Digital Big Bang — 161 Exabytes In 2006
An anonymous reader tips us to an AP story on a recent study of how much data we are producing. IDC estimates that in 2006 we created, captured, and replicated 161 exabytes of digital information. The last time anyone tried to estimate global information volume, in 2003, researchers at UC Berkeley came up with 5 exabytes. (The current study tries to account for duplicating data — on the same assumptions as the 2003 study it would have come out at 40 exabytes.) By 2010, according to IDC, we will be producing far more data than we will have room to store, closing in on a zettabyte.
We won't be running out of space just like we didn't run out of food. New technology will allow us to store ever more data.
Web server log files with the history of people clicking around. My address stored by everybody I ever bought anything on line from. It's more an information land-fill than an information warehouse.
Leave the gun, take the cannoli -- Clemenza, The Godfather
I'm sorry, how stupid is this?
"producing far more data than we will have room to store"
That's like saying, for the last 2 months, my profit has increased by 10%. If my profit keeps increasing at 10% per month, then pretty soon I'll own all the money in the world, and then I'll own more money than exists! Damn I must stop making money now before I destroy the world economy!!!

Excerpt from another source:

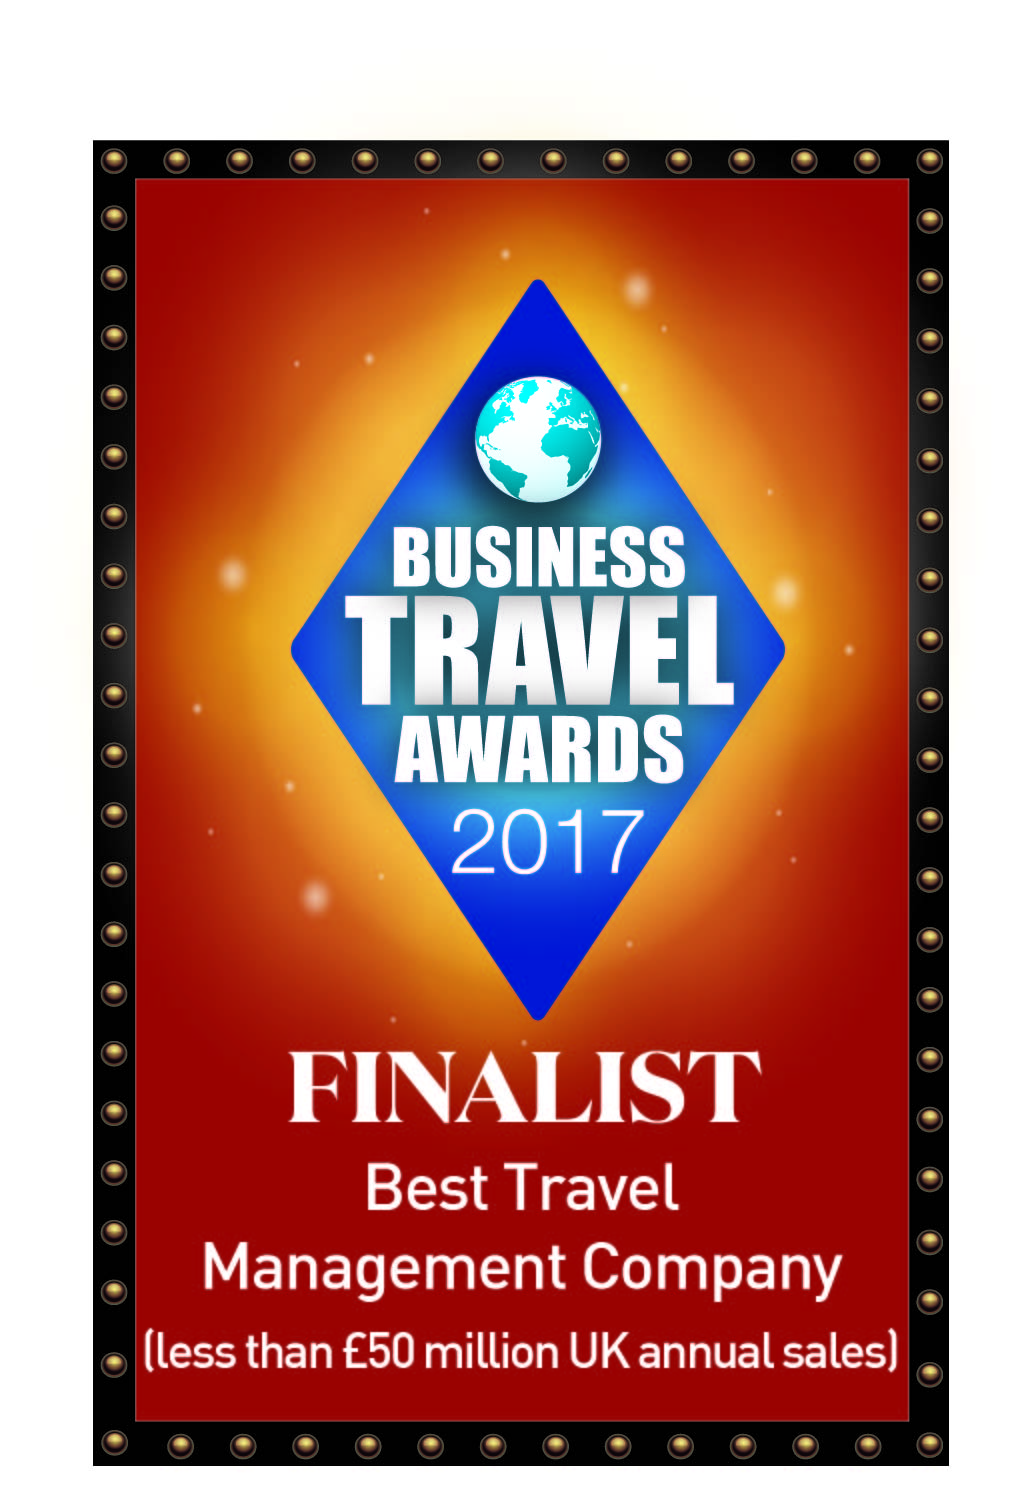 More exciting news for Good Travel Management as it’s shortlisted for

Who are these people who draw straight lines on growth curves? Why do people print the garbage they write and why weren't they the first against the wall after the dot com bust?

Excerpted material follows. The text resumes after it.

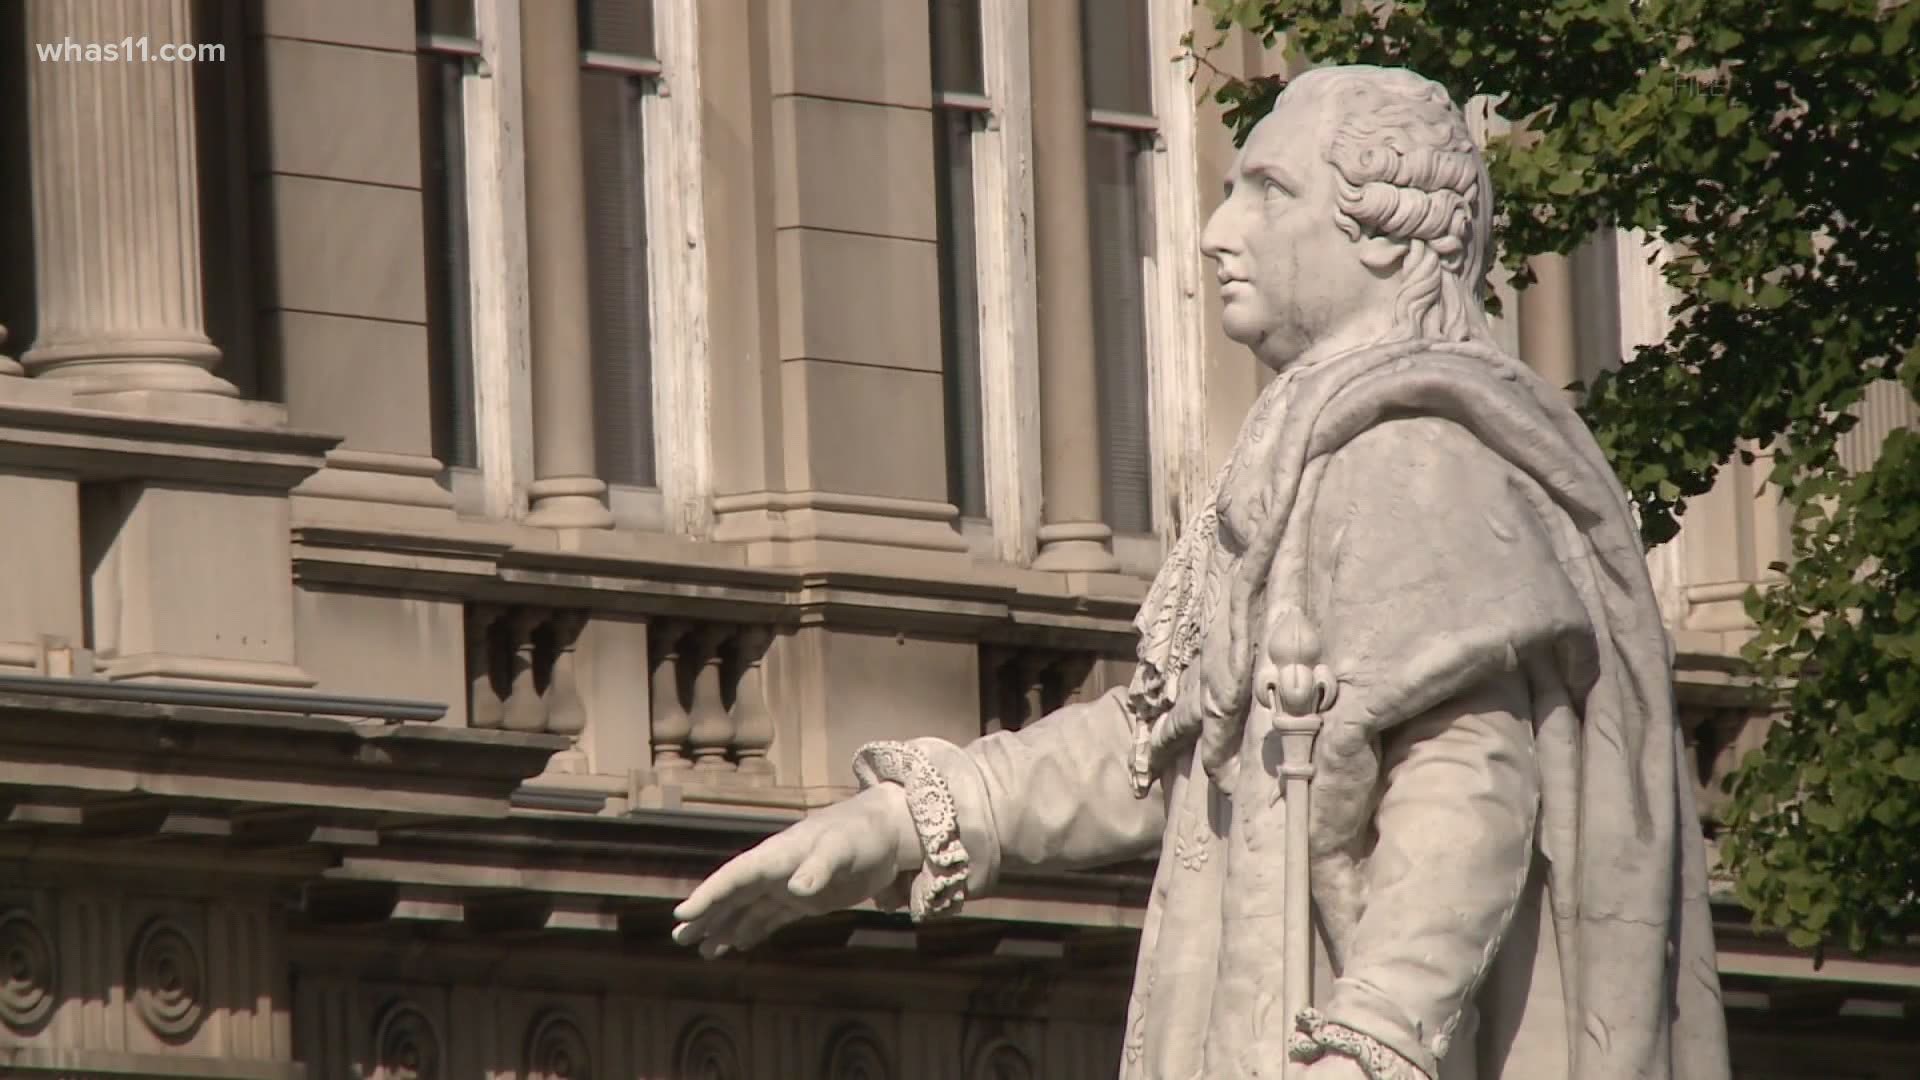 Crews removed the statue of King Louis XVI following months of protests and vandalism in Louisville.

The only things that seem certain are death, taxes, entropy and stupid people...
"The weirdest thing about a mind, is that every answer that you find, is the basis of a brand new cliche" -
HA!
But seriously, I wonder what percentage of this data is text. I'd guess it is a very very small amount. When I had a film camera, in twenty years I bet I took less than 100 rolls of film. With digital cameras I've take thousands of pictures, sometimes taking a dozen or more of the same subject, just because the cost to me is practically zero. Now there are vendors that will let me upload large numbers of these amateurish photos for free, and let's pretend that there are enough people interested in seeing my pictures that these companies can pay for this storage with advertising. That's scary.
Excluding attachments I think it would be practically impossible for anyone to use up Googles 2 gig of storage, but I've heard of people using it up in little more than a week by mailling large attachments back and forth (oh yeah, I HAVE to have every single iteration of that Word document, sure I do!)

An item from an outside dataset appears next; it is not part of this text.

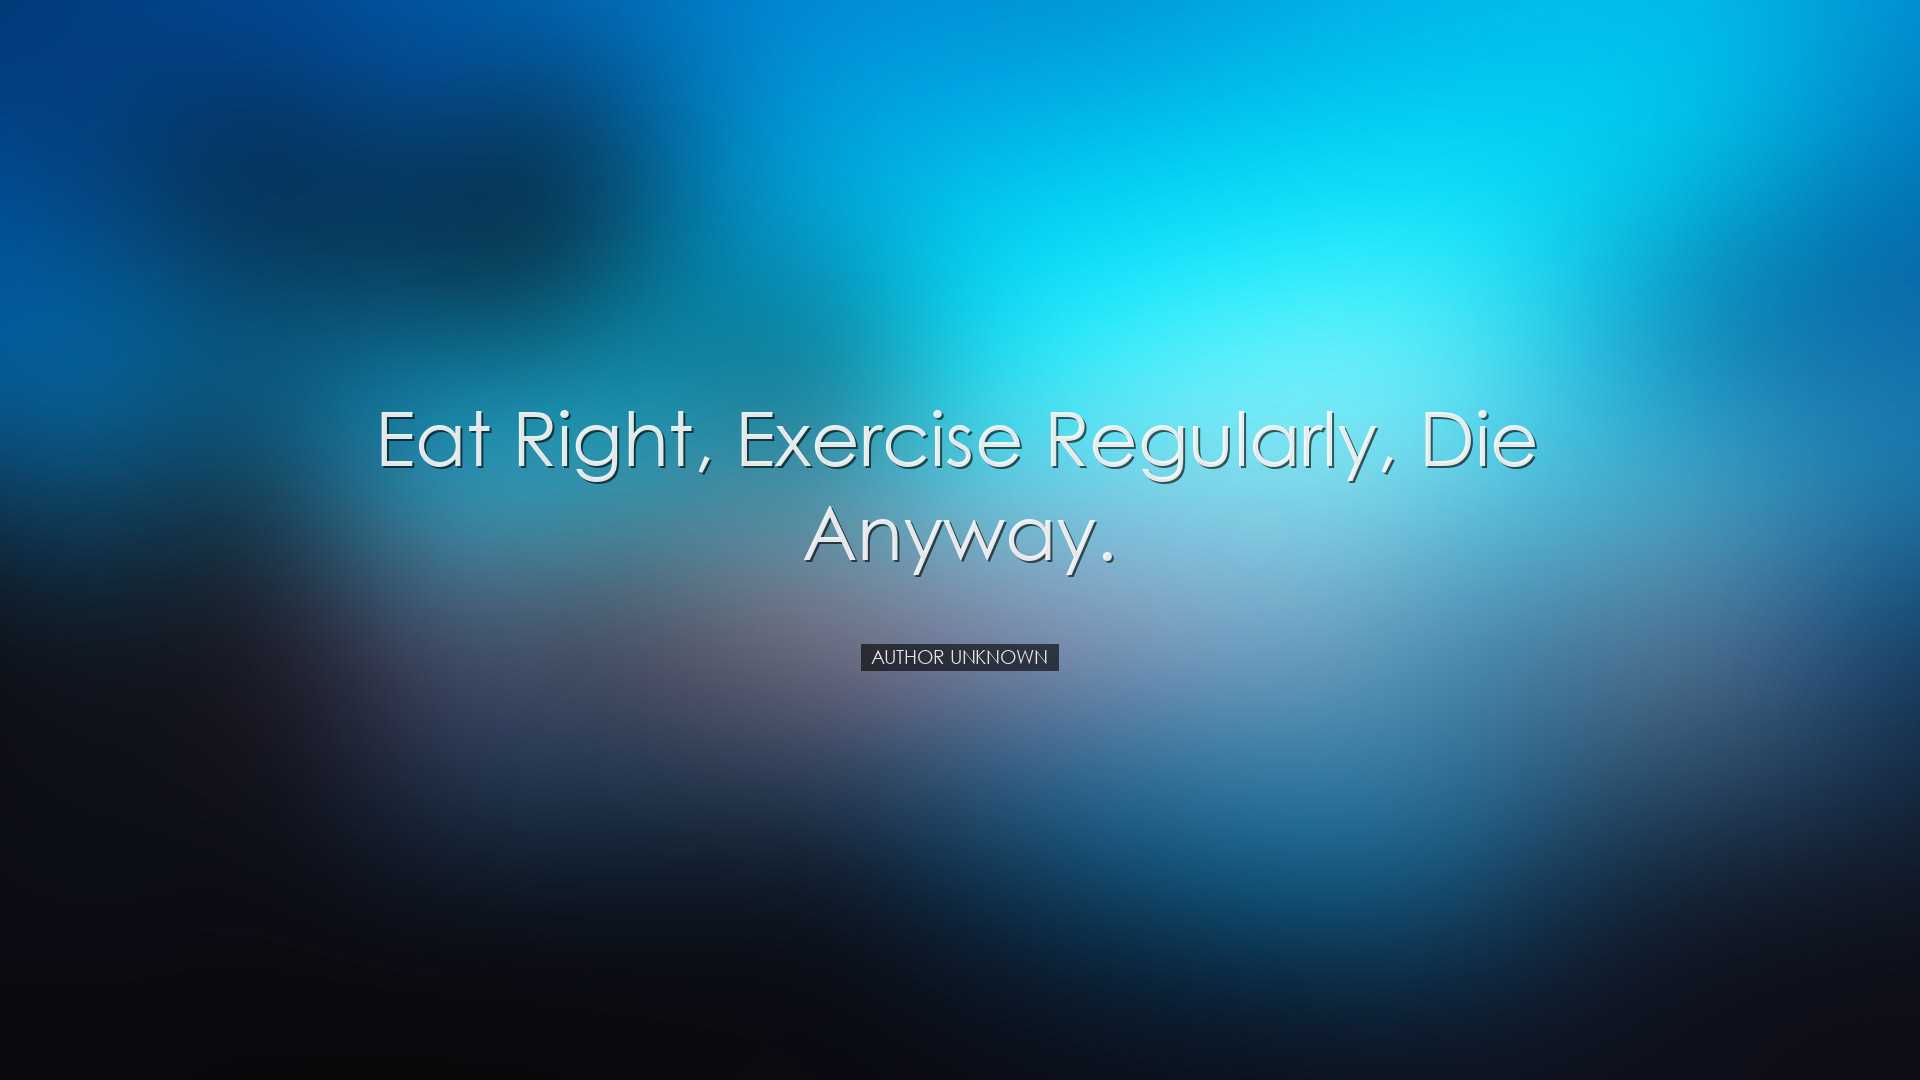 Eat right, exercise regularly, die anyway. - Author Unknown

But what's scarier is that for some nominal fee (like $20 a year) they place no limit at all on my ability to hog a disk drive somewhere. I know people who are messed up in the head enough to want to test these claims. Give them 5 gig for photos and they've filled it up in a week, give them "unlimited" and they upload pure junk to see if they can break the thing.
Like any house of cards, this thing is gonna come down sooner or later. I just hope that people who are making sensible use of these online services don't lose everything along with the abusers.
As interesting as the sheer volume is, most of it is garbage. I'd rather have 50 terabytes of organized and accurate information than 500 exabytes of data that isn't organized, and even if it were, it's accuracy is questionable at best. In essence, even if you manage to find what you want, the correctness of that information is likely to be very low.
I've long said we are not in the information age, we are in the data age. The information age will be when we've successfully organized all this crap we're storing/transmitting.
Again, RTFS: "IDC estimates that in 2006 we created, captured, and replicated 161 exabytes of digital information."
If a NMEA lat-lon string gets spit out of the serial port of a GPS and there's nothing there to capture it, it is not part of their count. They're not counting bitrate on data generators and multiplying times bandwidth. They're counting discrete blocks of saved data. You cannot arrive at the latter from the former, just like you can't tell how much water is behind Hoover Dam on average during the year by measuring the average daily flow rate of the Colorado river and multiplying by 365.
If a job's not worth doing, it's not worth doing right.